I would always prefer to let the roof dry for a day but then again I would always prefer to work in 65 degree weather will good sunshine but that isn't happening either.

This is why I prefer synthetic but felt has been around for ages and people have gone over top of it the day after a rainstorm.


----------



## Sabre_Fan (Sep 29, 2011)

Not to worry! I have never had a problem with moisture getting trapped between felt and shingles. Also, what happens when the shingles and felt paper are sitting at the lumber, manufacturer, or roofing yard and they get stacked and re-stacked when it rains? They get wet! The sun dries them out.


----------



## OhioHomeDoctor (Sep 27, 2011)

The beauty of one day roof installs.


----------



## Roofmaster417 (Jun 9, 2010)

Call me silly but.,.,I make a rule of NOT removing more than can be put back.., I have always slept well with that idea.

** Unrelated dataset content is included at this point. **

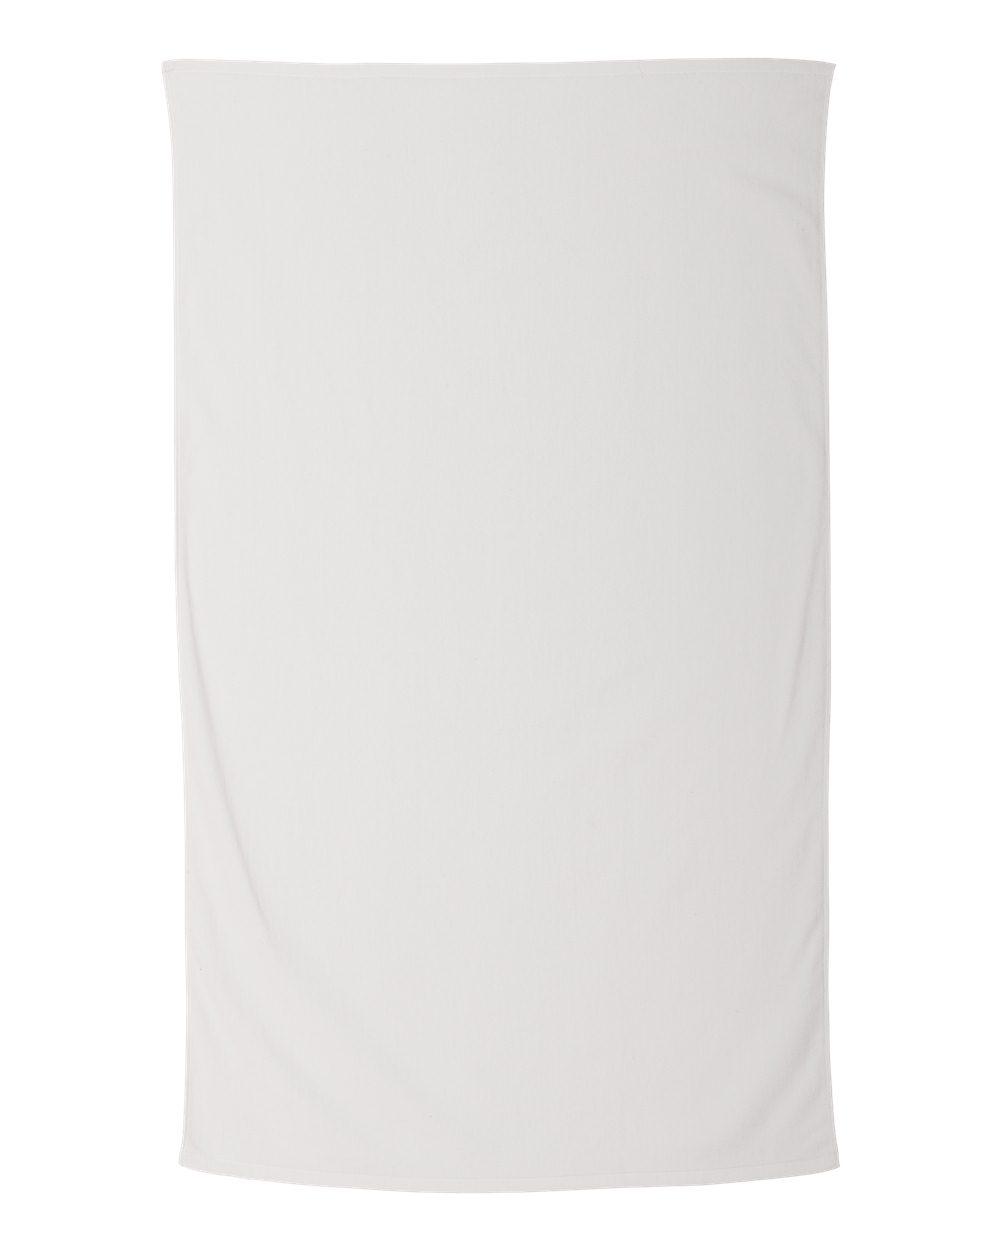 Carmel Towel Company Legacy Velour Beach Towel - C3560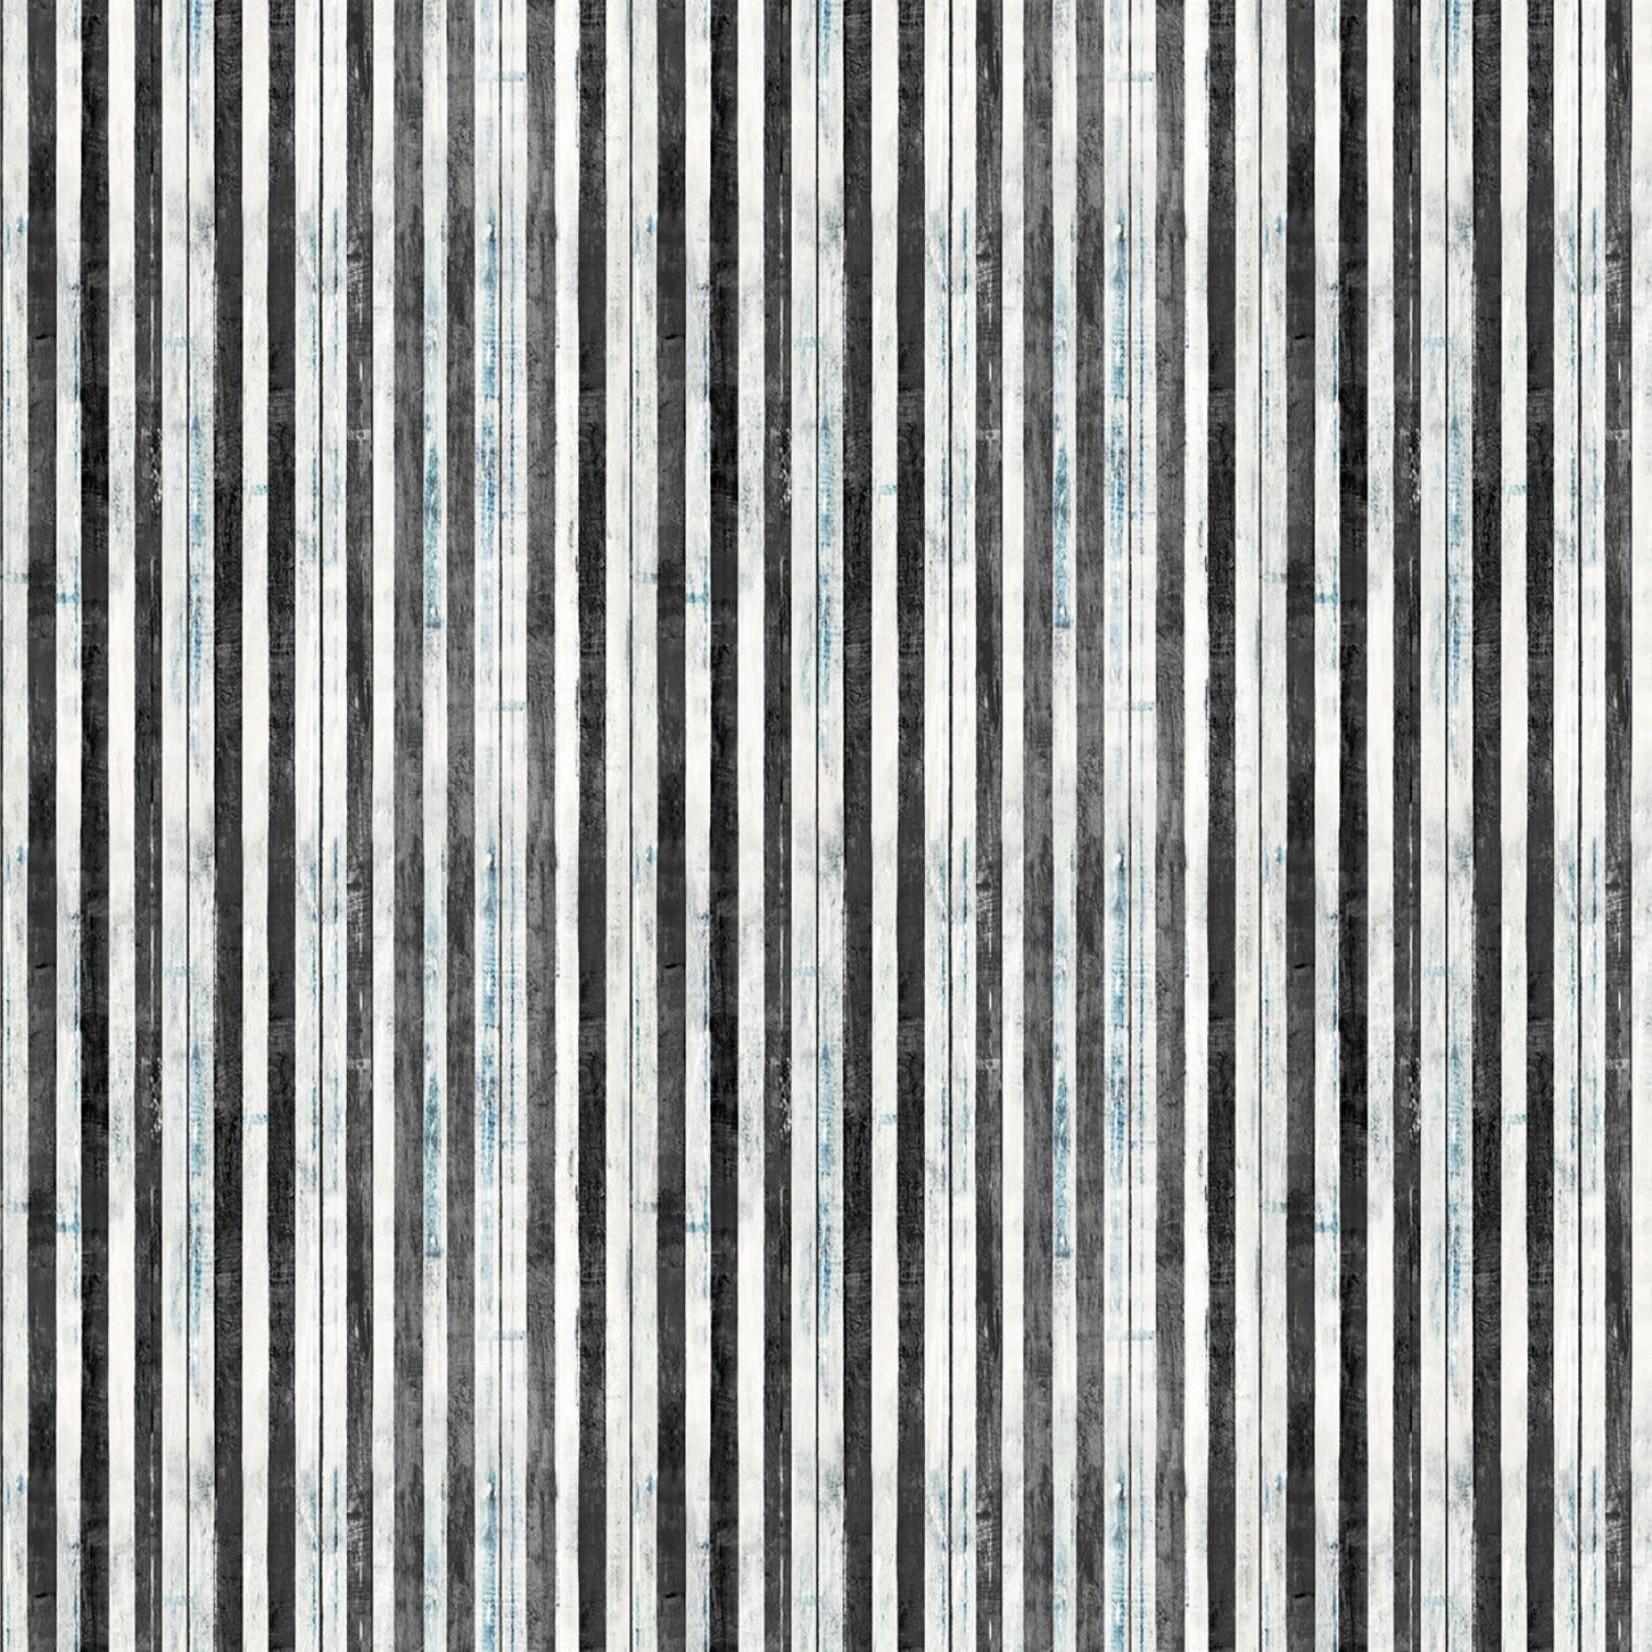 Wilmington Prints PER CM OR $21/M INTERLUDE by ARTLY 994 LT BLUE/BLACK

When the rains come alot of homeowners fret and worry and start posting inquiries about felt getting wet.,then if it leaks insulation concerns and rightfully so.


So why even set yourself up like that.It is a good indication trust is a factor when these post's are made.


Maybe your experience and common sense is put in the spotlight so why even go there.


That is my opinion though.


----------



## firehawkmph (Dec 12, 2009)

Roofmaster417 said:


> Call me silly but.,.,I make a rule of NOT removing more than can be put back.., I have always slept well with that idea.
> 
> 
> When the rains come alot of homeowners fret and worry and start posting inquiries about felt getting wet.,then if it leaks insulation concerns and rightfully so.


 
Good way to do it RM. I have noticed in my area that just about every roof going on now the company shows up with about 8-12 guys and tears it off and puts the new one on all in one day. I don't hardly see any jobs going with only a few roofers working for a few days. 
Mike Hawkins


----------



## MJW (Feb 7, 2006)

firehawkmph said:


> Good way to do it RM. I have noticed in my area that just about every roof going on now the company shows up with about 8-12 guys and tears it off and puts the new one on all in one day. I don't hardly see any jobs going with only a few roofers working for a few days.
> Mike Hawkins


That's because no one is a true roofer anymore. It's just cheap labor. Is it worth it to have it done in one day when most of the people working on your house are considered low skilled?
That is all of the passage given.